Posterior intervals of future observations or their means (success probabilities in binomial case). These are computed using the quantile method where the intervals are computed as empirical quantiles the posterior sample, or using a parametric method by Helske (2016) in a linear-Gaussian case.

Usage

# S3 method for mcmc_output
predict(object, future_model, type = "response",
  intervals = TRUE, probs = c(0.05, 0.95), nsim, return_MCSE = FALSE,
  seed = sample(.Machine$integer.max, size = 1), ...)

Arguments

object

mcmc_output object obtained from run_mcmc

future_model

Model for future observations. Should have same structure as the original model which was used in MCMC, in order to plug the posterior samples of the model parameters to the right places.

type

Compute predictions on "mean" ("confidence interval"), "response" ("prediction interval"), or "state" level. Defaults to "response".

intervals

If TRUE, intervals are returned. Otherwise samples from the posterior predictive distribution are returned.

probs

Desired quantiles. Defaults to c(0.05, 0.95). Always includes median 0.5.

nsim

Number of state samples to draw per MCMC iteration. Note that this has no effect for the time point $n+1$ (where $n$ is the length of the original series) as this is directly obtained from the MCMC output. nsim defaults to 1 except for the EKF based MCMC output of non-linear Gaussian models (see below). For linear-Gaussian models the intervals are computed based on Kalman filter so this argument has no effect if intervals is TRUE. For non-linear Gaussian models of class nlg_ssm, if nsim is 0 and intervals is TRUE, EKF based approximation is used for computing the prediction intervals.

return_MCSE

For Gaussian models, if TRUE, the Monte Carlo standard errors of the intervals are also returned.

seed

Seed for RNG.

...

Ignored.

Value

List containing the mean predictions, quantiles and Monte Carlo standard errors .

Examples

Run this code
# NOT RUN {
require("graphics")
y <- log10(JohnsonJohnson)
prior <- uniform(0.01, 0, 1)
model <- bsm(window(y, end = c(1974, 4)), sd_y = prior,
sd_level = prior, sd_slope = prior, sd_seasonal = prior)

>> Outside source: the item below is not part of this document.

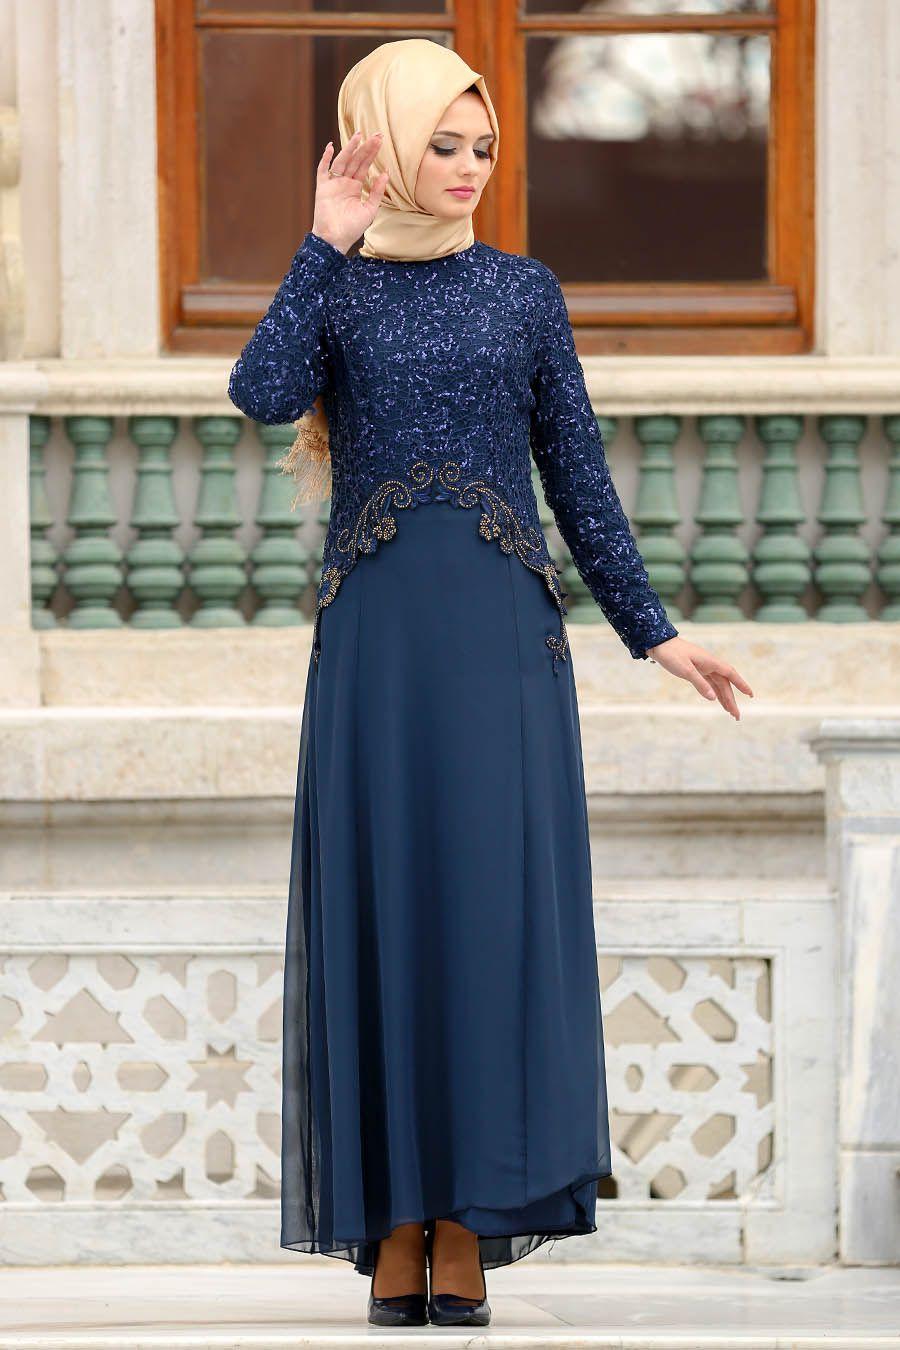 2019 Yeni Sezon Tesettur Giyim Elbise Sal Abiye De Ucuz Fiyat Elbise Elbise Modelleri Elbiseler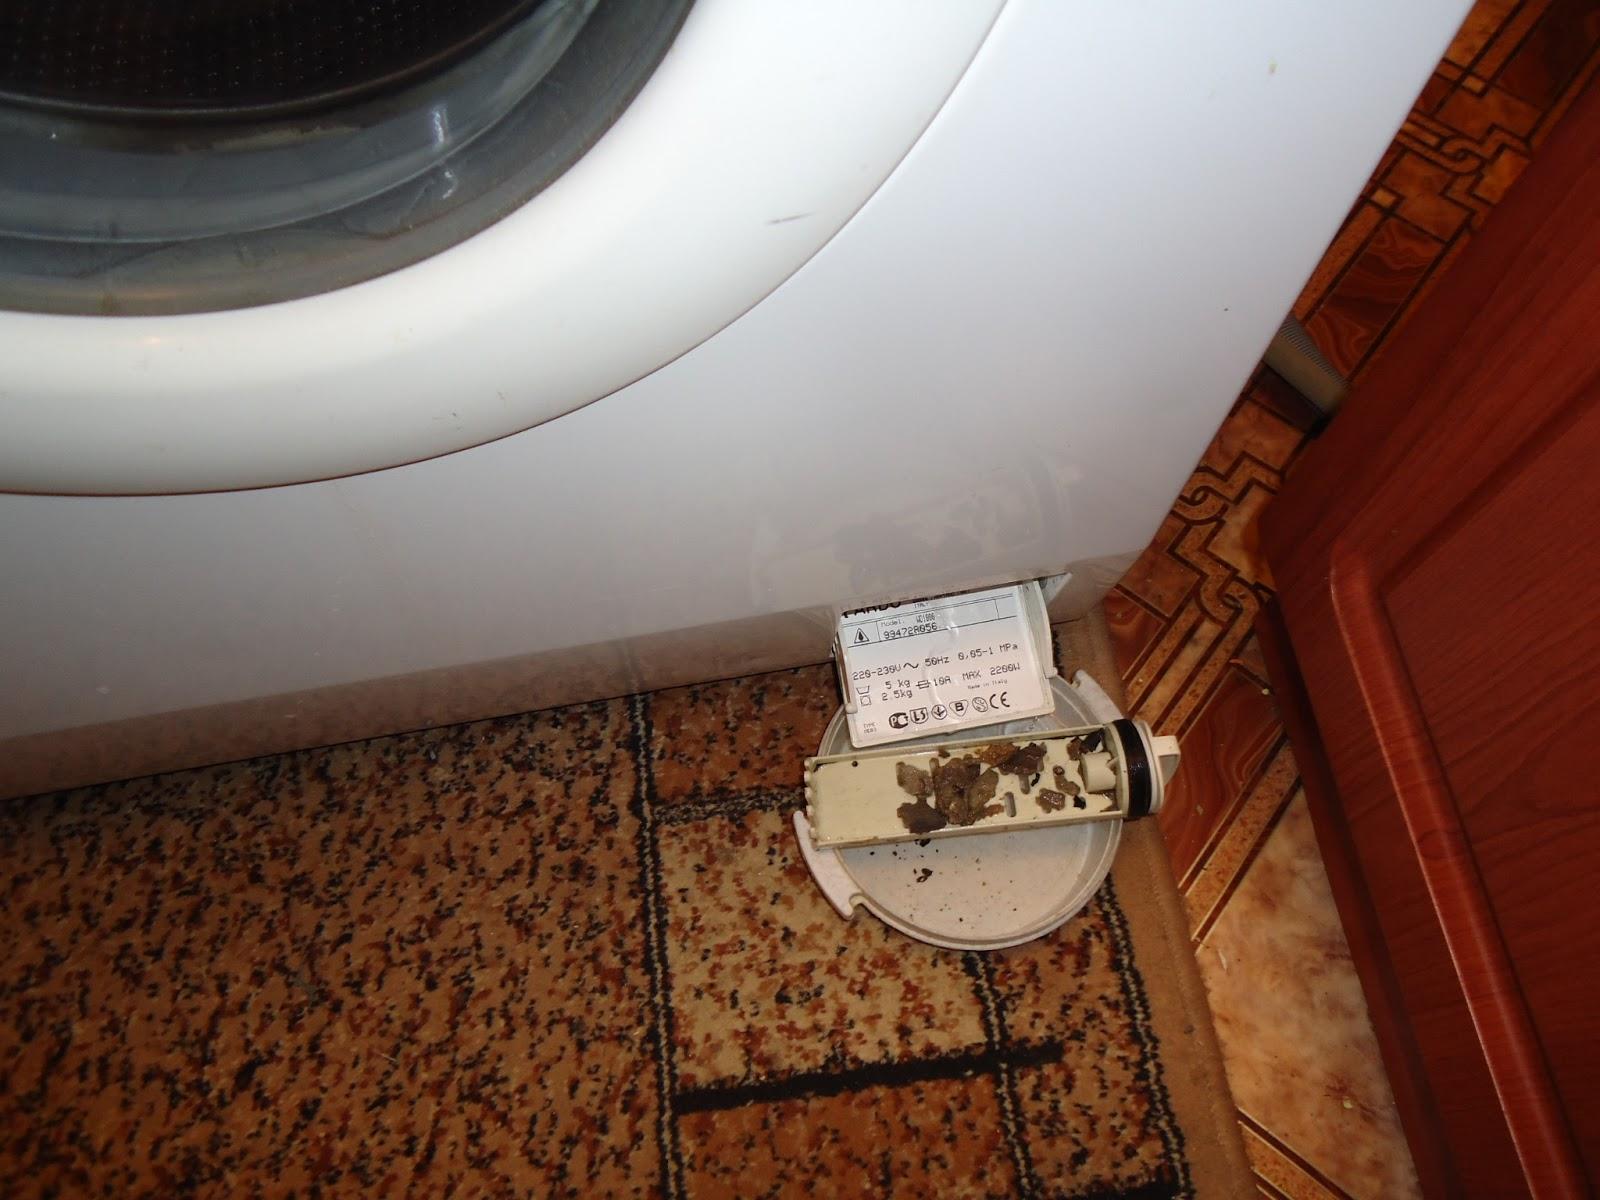 схема стиральной машины вирпул снятике фильтра

mcmc_results <- run_mcmc(model, n_iter = 5000)
future_model <- model
future_model$y <- ts(rep(NA, 25), start = end(model$y), 
  frequency = frequency(model$y))
pred_gaussian <- predict(mcmc_results, future_model, 
  probs = c(0.05, 0.1, 0.5, 0.9, 0.95))
ts.plot(log10(JohnsonJohnson), pred_gaussian$intervals, 
  col = c(1, rep(2, 5)), lty = c(1, 2, 2, 1, 2, 2))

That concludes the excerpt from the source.